Barbaros Uygun, CEO, MOX Bank, in his keynote speech at The Asian Banker Finance Vietnam 2022, shares the story of how Mox became a leading digital bank in Hong Kong and its recipe for a successful digital transformation.
Mox is among the first to obtain a virtual banking licence in Hong Kong. It was created through a collaboration between Standard Chartered, PCCW, HKT and Trip.com and launched in September 2020.
Barbaros Uygun has a wealth of experience in digital banking and transformation, bringing over 24 years of experience in digital transformation, business management, marketing, and product development. He was previously the CEO of ING Bank Austria, where he helped it transition into a full-service digital bank. Prior to this, Uygun held various leadership positions in ING Bank and Garanti Bank BBVA.
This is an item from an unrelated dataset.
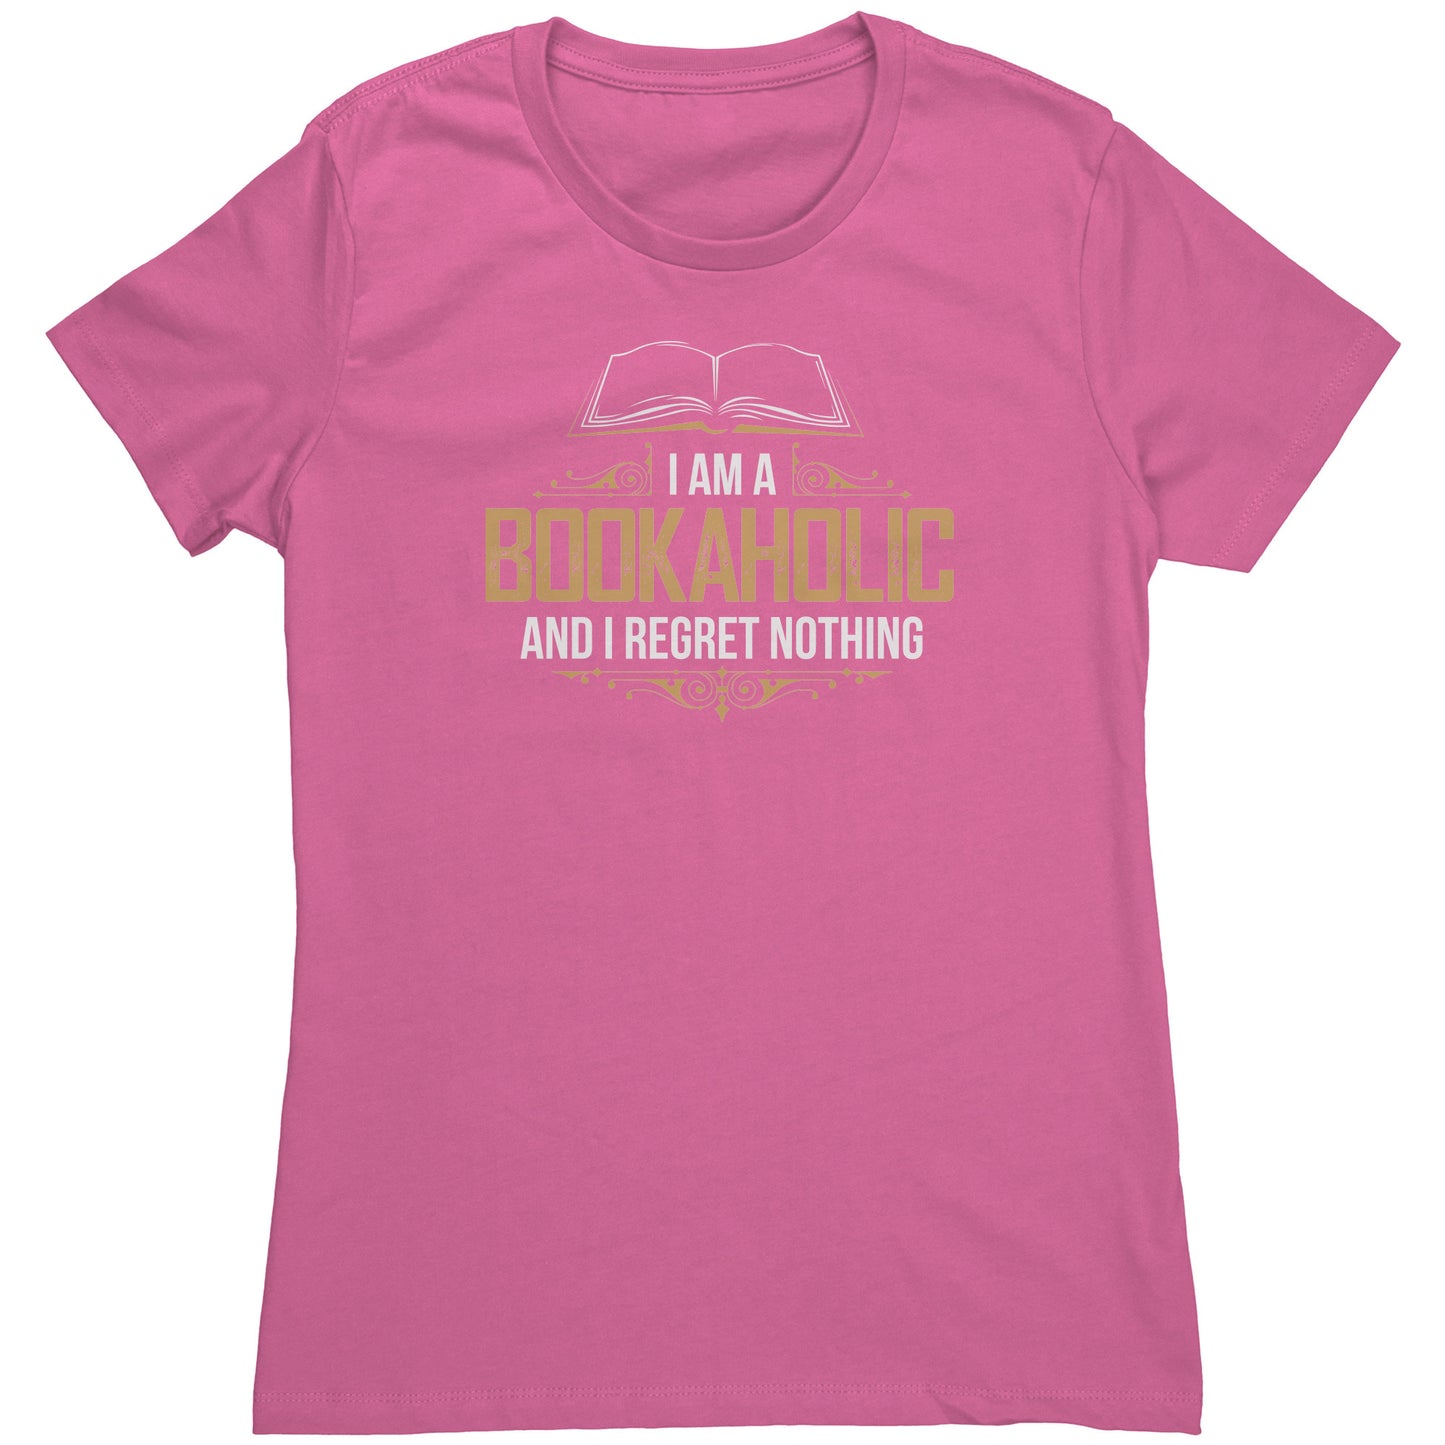 I Am A Bookaholic And I Regret Nothing | Women's T-Shirt

Here is the edited transcript:
Foo Boon Ping (FBP): And now we're very excited to have Mr. Barbaros Uygun, CEO of Hong Kong-based MOX Bank, one of eightĺ digital-only banks licensed by the HKMA to operate. I think they started in 2020 and is one of the couple of leading digital banks in terms of number of users, and deposits that they have garnered. As CEO of MOX Bank, Mr. Barbaros is driving to bring a new banking experience to Hong Kong. Before he joined MOX he held senior positions at Dutch bank, ING Bank in Austria and Turkey as well as Garanti Bank BBVA, where he led the respective digital initiatives. Now, we are very happy and excited to have Mr. Uygun speak to us.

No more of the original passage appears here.